Twenty years ago, after the deaths of my parents, I was pretty much written off by extended family, community and society as that oddball woman doing that illustration stuff, whatever it was, instead of getting married. Ten years ago when I returned from Montreal, most of the people I was acquainted with expected me to end up as a kind of paraplegic, someone to be commiserated with and entirely dismissed.
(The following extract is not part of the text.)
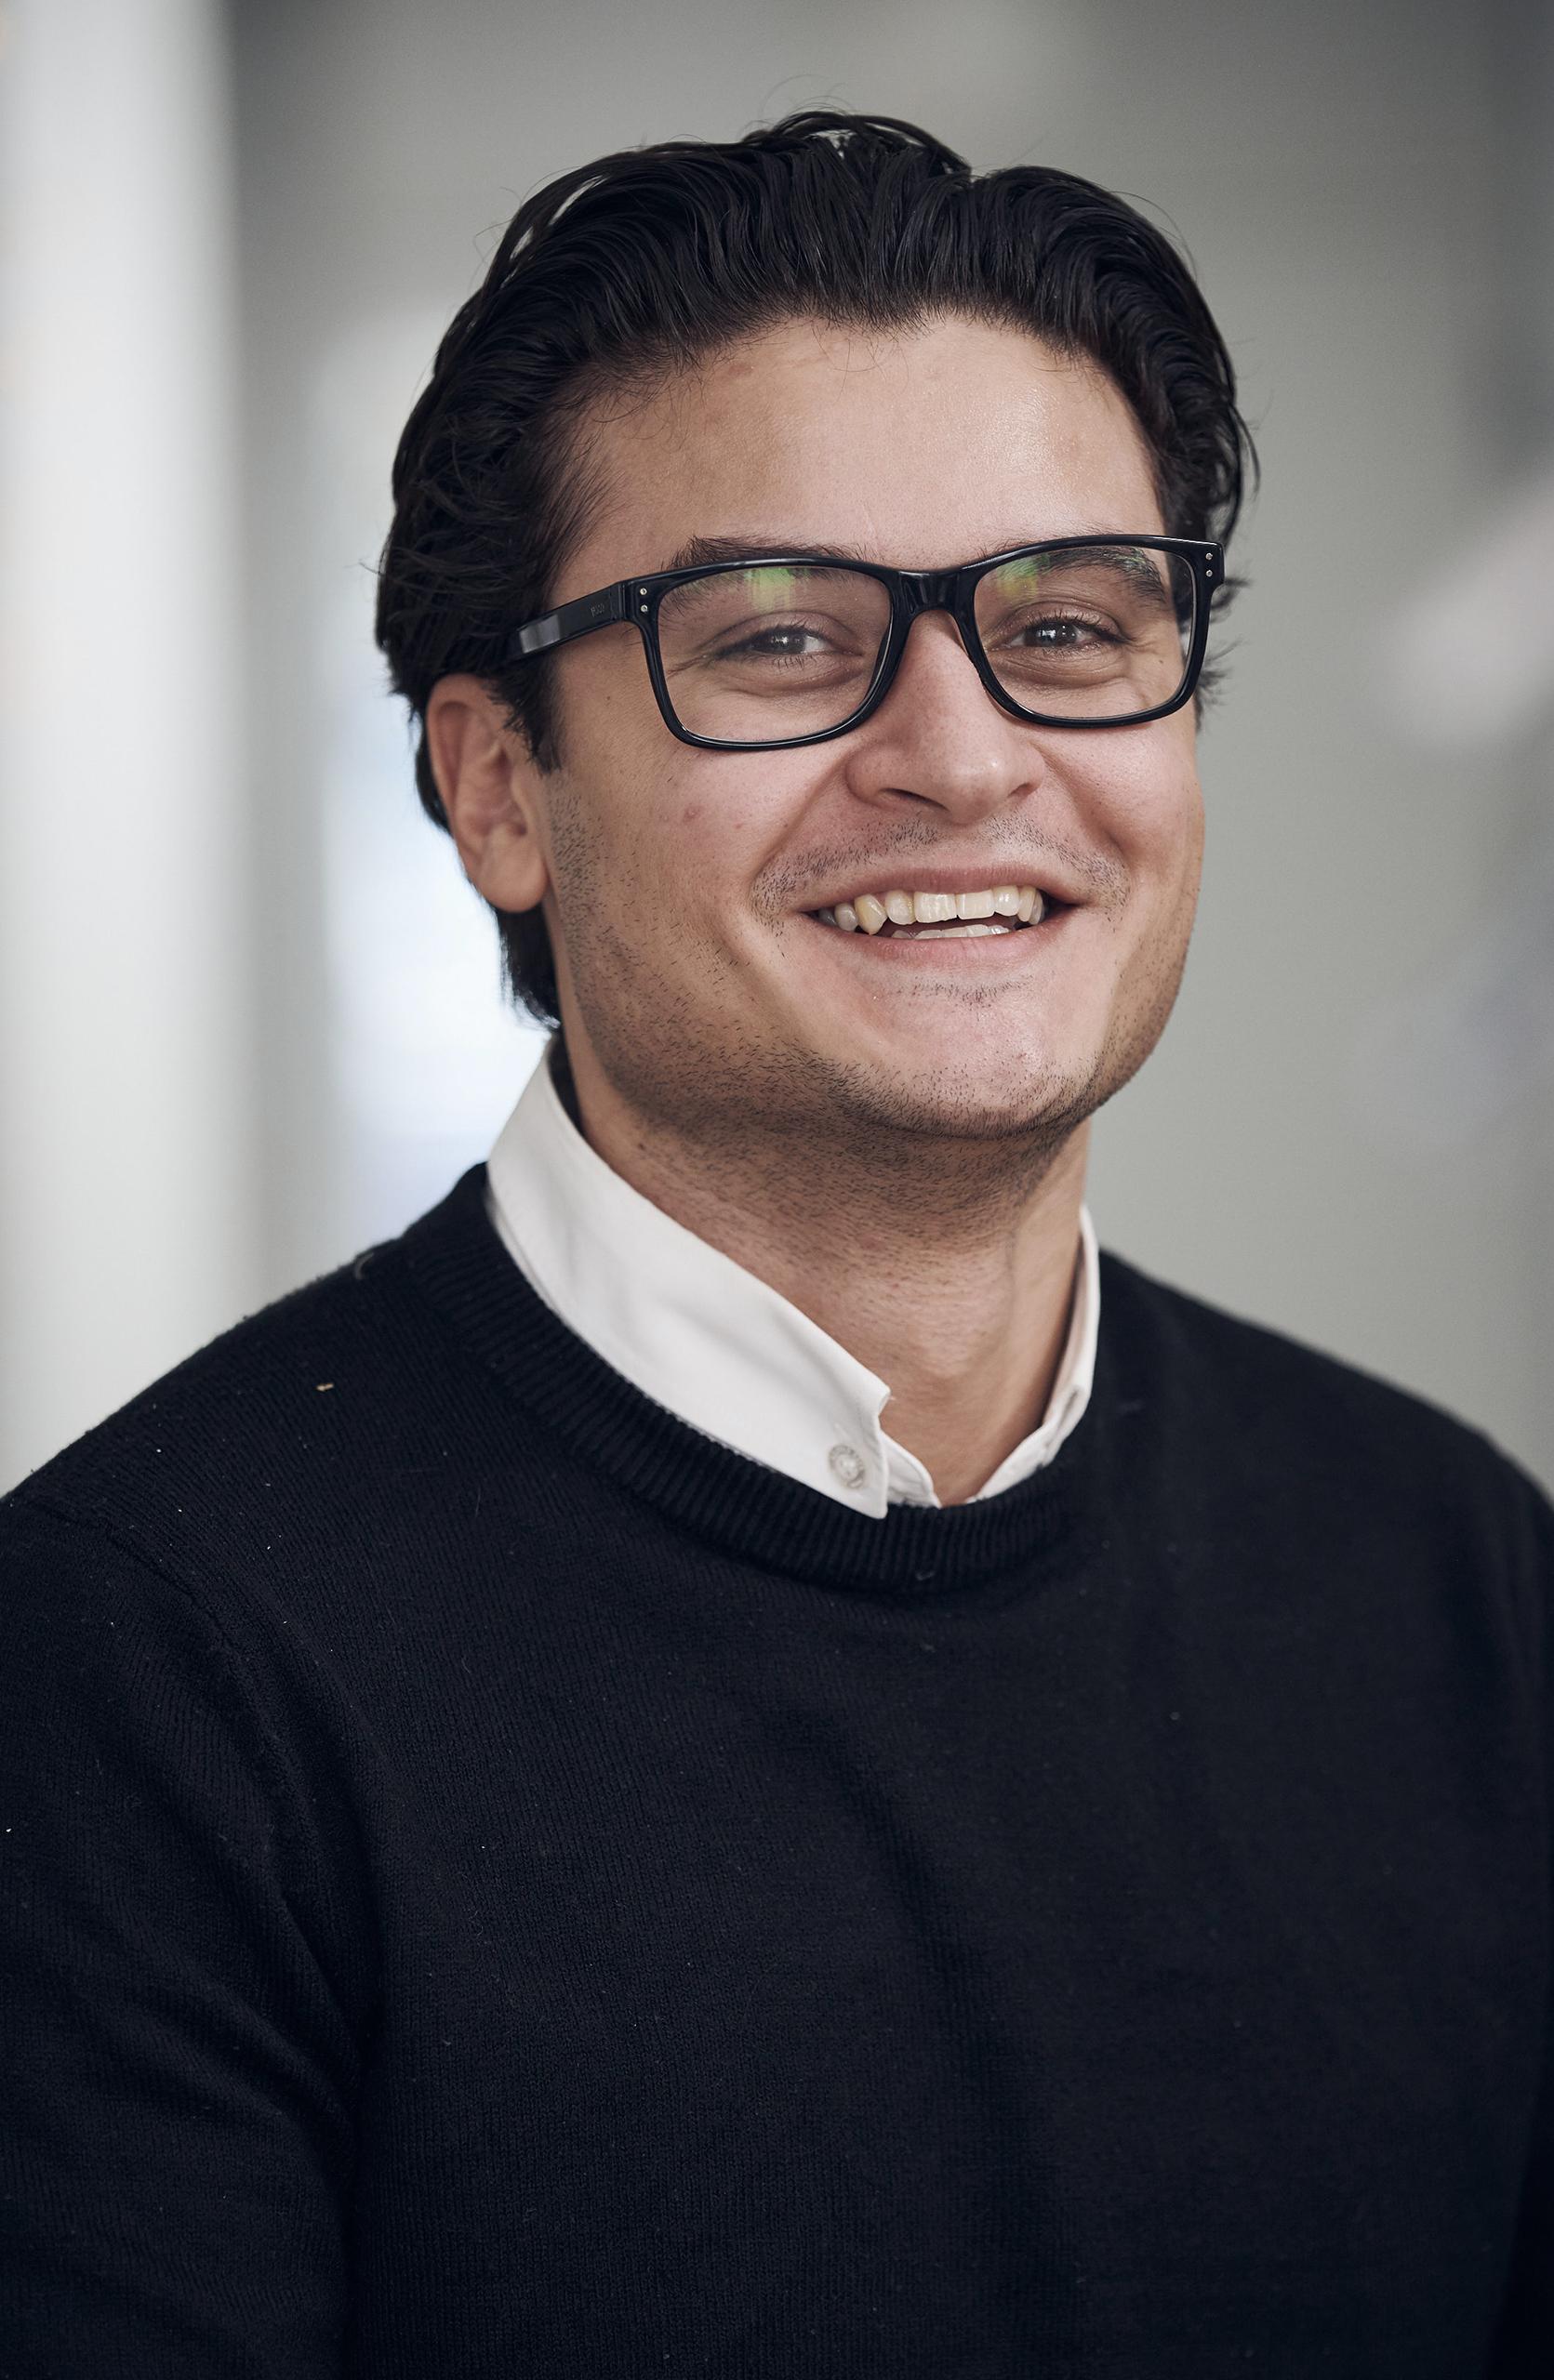 Ismail Berk

So, in retrospect, it seems to me that if there is one other thing that is as immensely satisfying as having these two books on my bookshelf,  it has been in proving my naysayers wrong. 
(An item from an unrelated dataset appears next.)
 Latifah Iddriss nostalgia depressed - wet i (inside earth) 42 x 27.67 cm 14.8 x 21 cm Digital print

I am reminded of this poem that I came across by The Fallen Poet -

What a privilege it is to be overwhelmed by a life I once prayed for.
What a privilege it is to become a version of myself I once thought was impossible.
What a privilege it is to still believe in good things.
What a privilege it is to grow into someone I used to need.
What a privilege it is to become softer in a world that tried to harden me.
What a privilege it is to no longer beg for love that should have been freely given.
What a privilege it is to finally be proud of the person I'm becoming.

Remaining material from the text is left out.